Hamburger it up. Stick it in a grinder and use it in Chili. It is awesome. 

True Story. My sister made my mom promise her that she wouldn't trick her into eating Bambi. Well, my mom made some chili with deer meat in it. My sister came home from her College dorm and had some chili. She called my Mommy up right away and said that was the best chili my mom had ever made. Sis got total silence on the other end of the phone for a few. Then she got a somber, "Oh Janice, I am so sorry." LOL....

Guess what? Sissy loves deer meat now. LOL


----------



## N. Eshelman (Nov 6, 2009)

Leave it by the side of the road.  

I do not like venison [its too gamey for me], but my parents have it around a lot- they grind it and mix it 50/50 with ground beef to be used in whatever capacity they use ground beef. That is bearable for me.


----------



## tlharvey7 (Nov 6, 2009)

BJClark said:


> AThornquist;
> 
> 
> 
> ...



2lbs ground venison.... brown it
add 1 can condense cream of mushroom soup

layer in bottom of baking dish

add layer of corn (as much as you like, i use a big bag of frozen)

add layer of mashed pototo.... 

top with shredded cheddar and paprika

bake till crispy on top

my kids LOVE this version of shepherds pie


----------



## ewenlin (Nov 6, 2009)

This thread is making me hungry!

If you're out of ideas, slice them up into small pieces and stir fry with ginger and garlic. Asian style!


----------



## ServantofGod (Nov 6, 2009)

Venison jerky...


----------



## Montanablue (Nov 6, 2009)

I know this will sound a little odd, but ewenlin is right - venison in an Asian type stir fry is SO GOOD.

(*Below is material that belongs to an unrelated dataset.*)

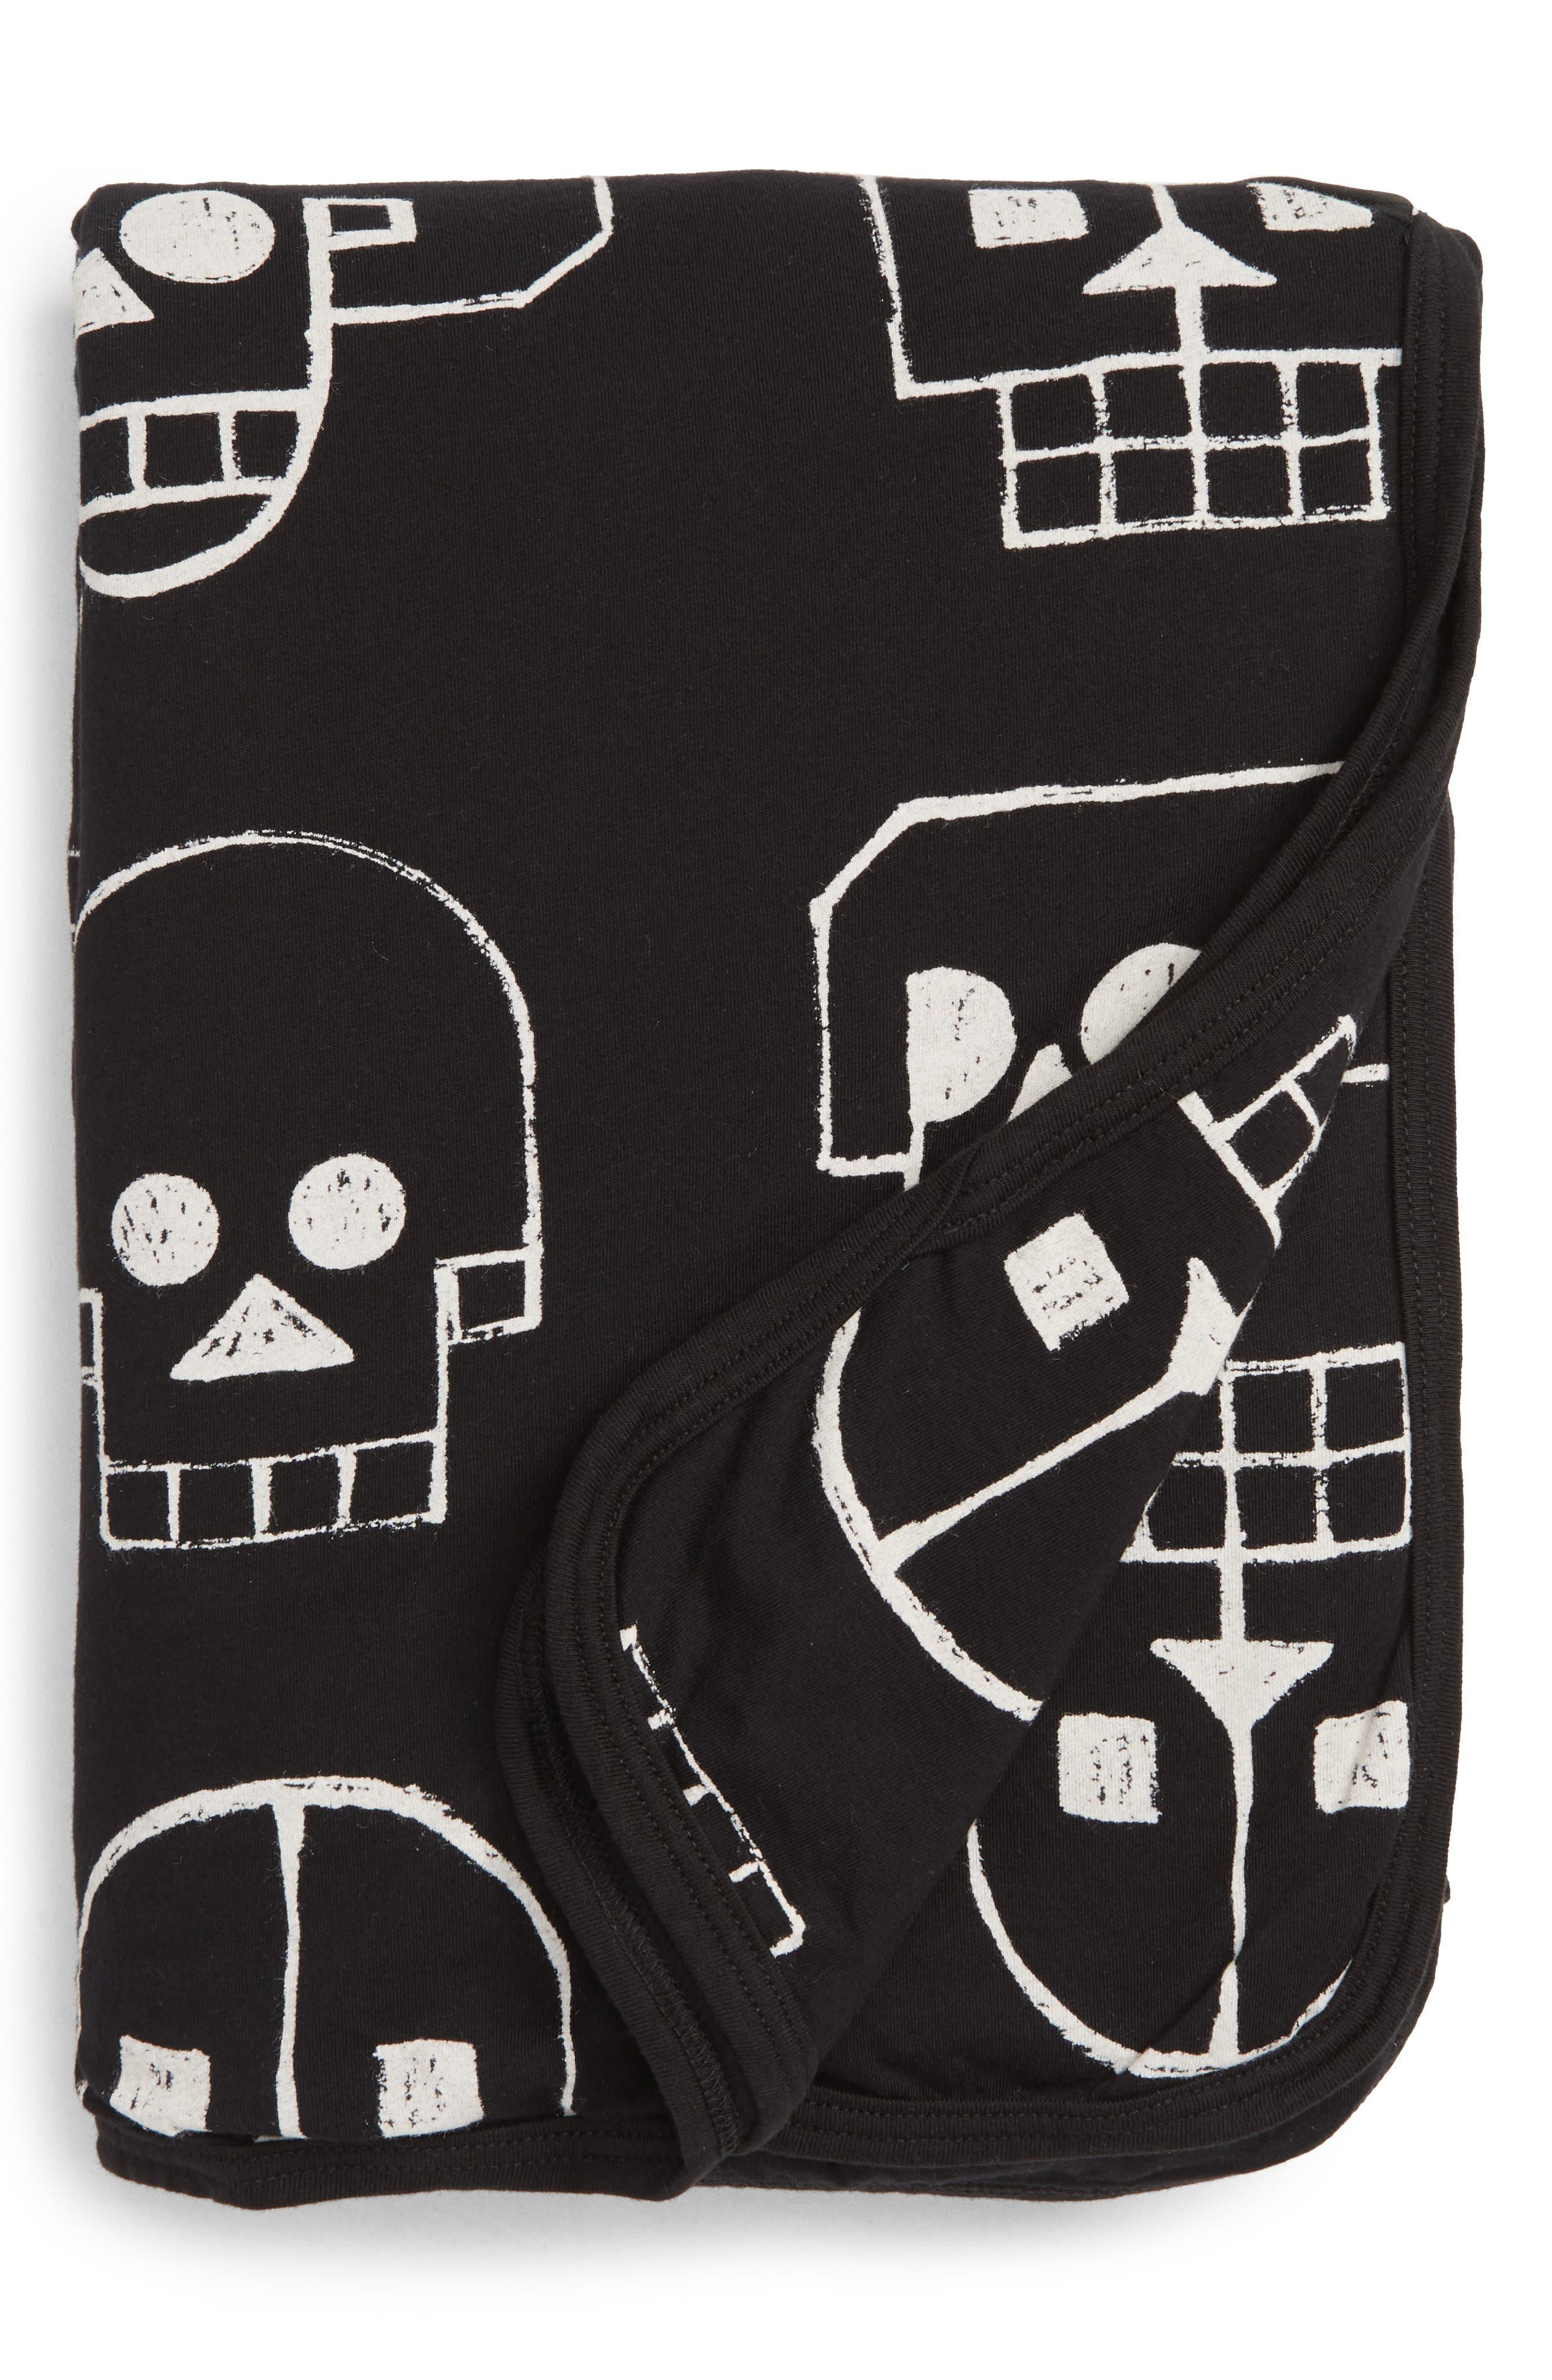 Skull Robot Print Blanket,                             Main thumbnail 1, color,                             001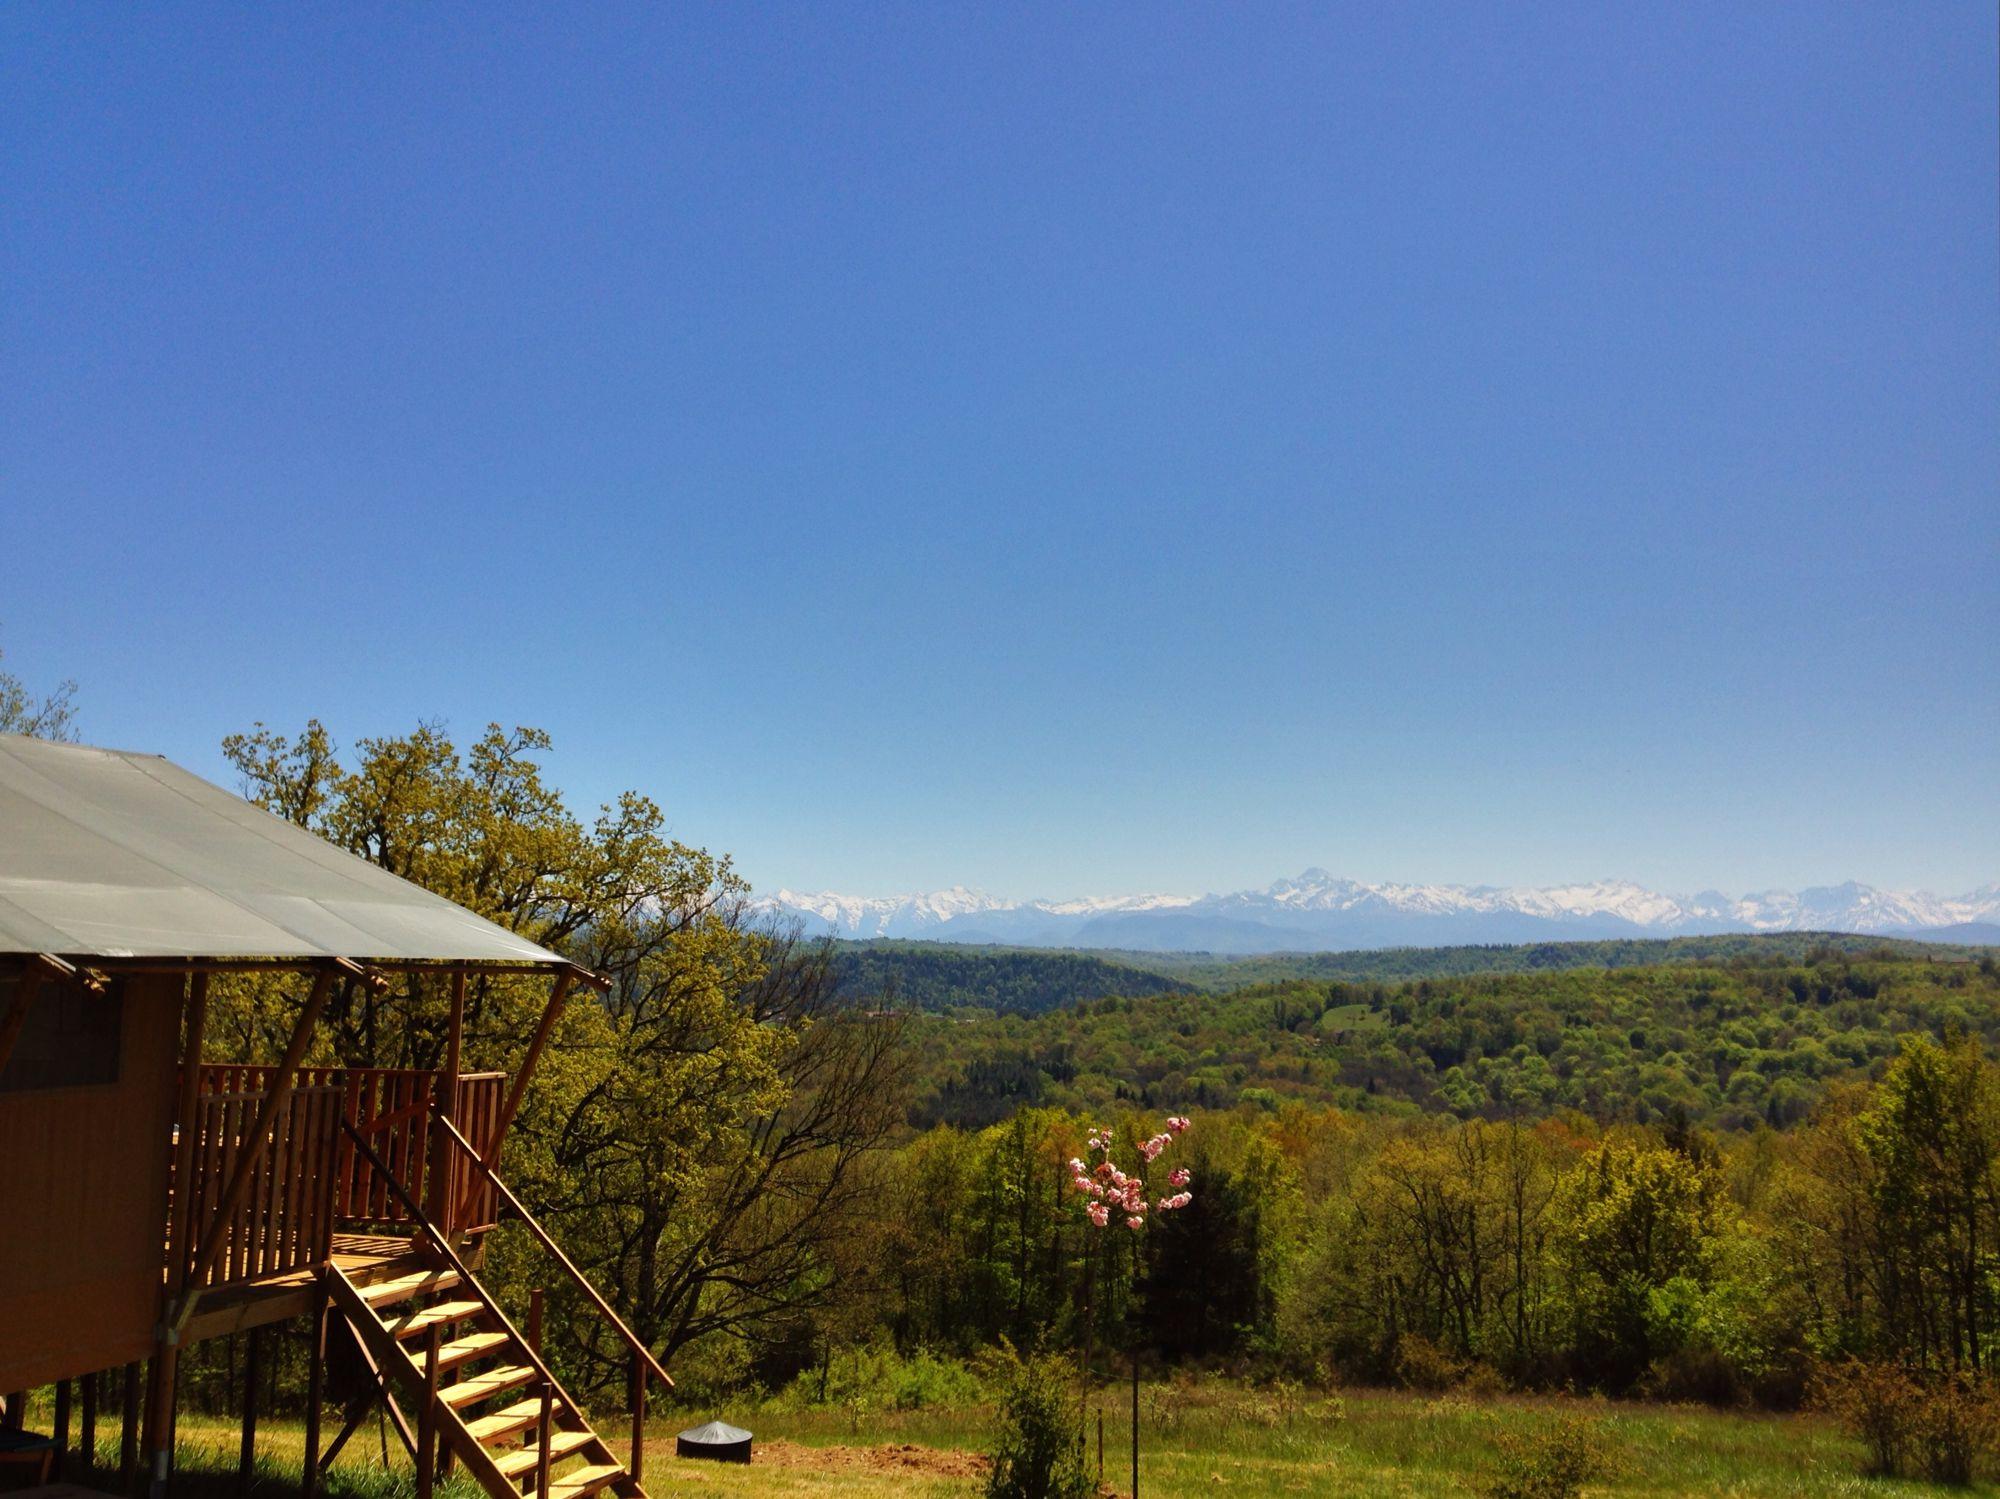 Campsites in Haute-Garonne - campsites europe france midi-pyrenees haute-garonne at Cool Camping

Chilli is delicious too - and especially good if you have kids who aren't a big fan of the gamey flavour. The sauce brings out the best of the flavor while also masking some of the stronger flavours.


----------



## Archlute (Nov 6, 2009)

PuritanCovenanter said:


> True Story. My sister made my mom promise her that she wouldn't trick her into eating Bambi. Well, my mom made some chili with deer meat in it. My sister came home from her College dorm and had some chili. She called my Mommy up right away and said that was the best chili my mom had ever made. Sis got total silence on the other end of the phone for a few. Then she got a somber, "Oh Janice, I am so sorry." LOL....


----------



## toddpedlar (Nov 6, 2009)

Smoked brats. Smoked brats. And more... smoked brats.


----------



## SolaScriptura (Nov 6, 2009)

I wholeheartedly agree with Randy. While you may be able to get a roast out of the hindquarter, if you are doing the butchering yourself and if you're inexperienced, it may be tricky. In a worst case scenario, always fall back on grinding it into burger. Just cut the meat off the bone and throw it in a grinder. Mix with hamburger if you feel compelled.


----------



## Edward (Nov 6, 2009)

Montanablue said:


> Chilli is delicious too - and especially good if you have kids who aren't a big fan of the gamey flavour. The sauce brings out the best of the flavor while also masking some of the stronger flavours.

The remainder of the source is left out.